Abby negotiated a path through my grandmother’s stacks of Life magazine to examine a framed poem. “Hey, what’s this? For Poppy on her Graduation, May 23, 1984. By Myrtle Abernathy Bartholomew.”

“Oh, for God’s sake, please don’t read that.”

“When Poppy was born, she was little and sweet, from the top of her head, to her tiny pink feet.”

“Okay, please don’t read it aloud.”

“She soon grew tall, and strong and fair, with Polish cheekbones, and short brown hair.” She paused to consider my cheekbones. “So far, so good. I suppose those are Polish cheekbones, anyway. She looked like a countess, from old Warsaw, with a brave Roman nose, and eyebrows like the Shah. Eyebrows like the Shah?”

“In some universe, Shah rhymes with Warsaw. You have to admit, my eyebrows are rather Shah-esque.” I waggled them at her for emphasis.
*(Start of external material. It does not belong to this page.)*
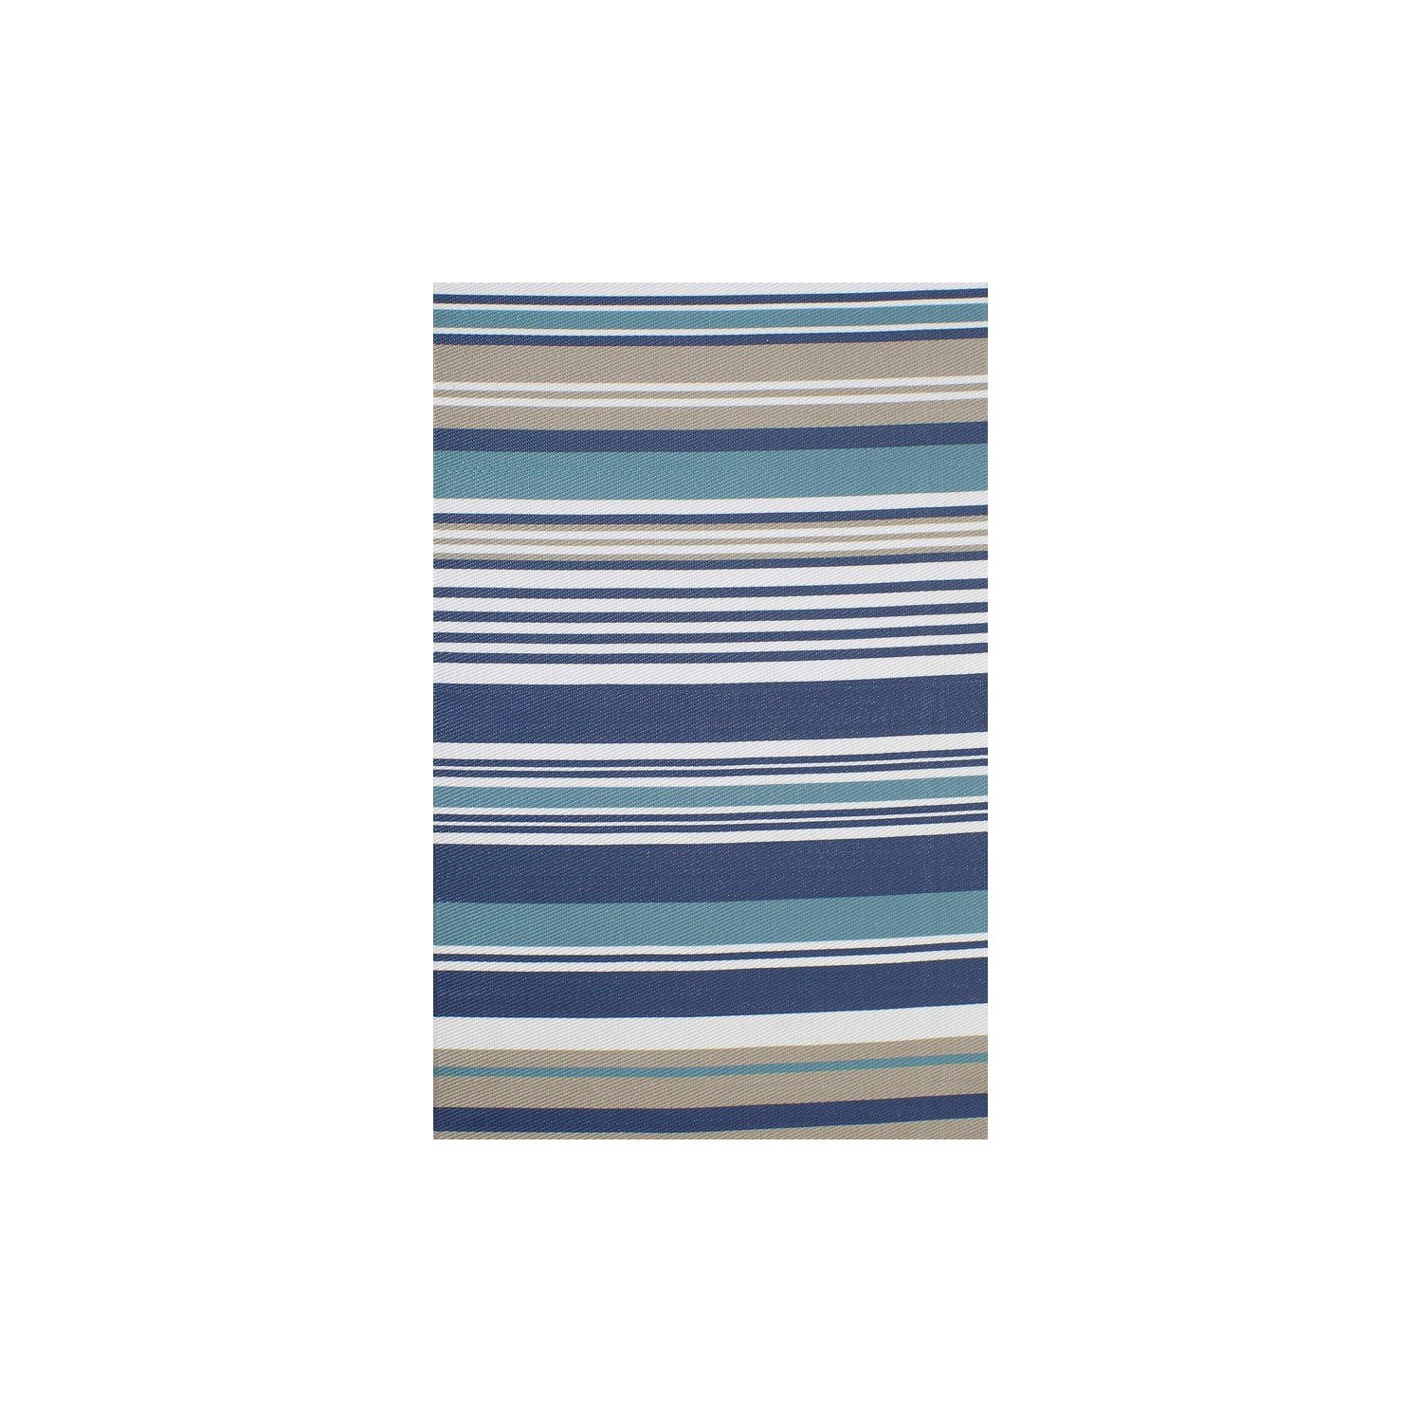 wundersch nen tapis bleu l 39 id e d 39 un tapis de bain. Black Bedroom Furniture Sets. Home Design Ideas

“More Groucho than Shah. Why is your nose brave?”

“I’m not afraid to stick it into other people’s business.”

“Ain’t that the truth. She’s graduating today, and we feel so proud, we’re telling the world, we’re shouting out loud!”

“Oh, the shame.”

“Oh, my ass. I think it’s nice. Your grandma was proud of you. She wrote you a poem. So it’s not your damn Shakespeare, so what? Your family loves you. You have no business complaining.”

“No,” I agreed. “And yes, they do. However, as long as you’re passing out pearls of wisdom, here’s one for your treasure trove. Edna loves you, too.”

“Right.”

“I have proof. Remember when we needed jobs the summer after graduation?”

“Yeah?”

“Edna got us jobs—you and me both. She didn’t have to help me. She didn’t want to help me. She did it because you asked her.”

Abby sat down on the bed and looked under Shirley Temple’s skirt. “No underwear,” she said. “Perhaps she should change her name to Dolores.”

“Perhaps you should stop violating the Littlest Rebel.”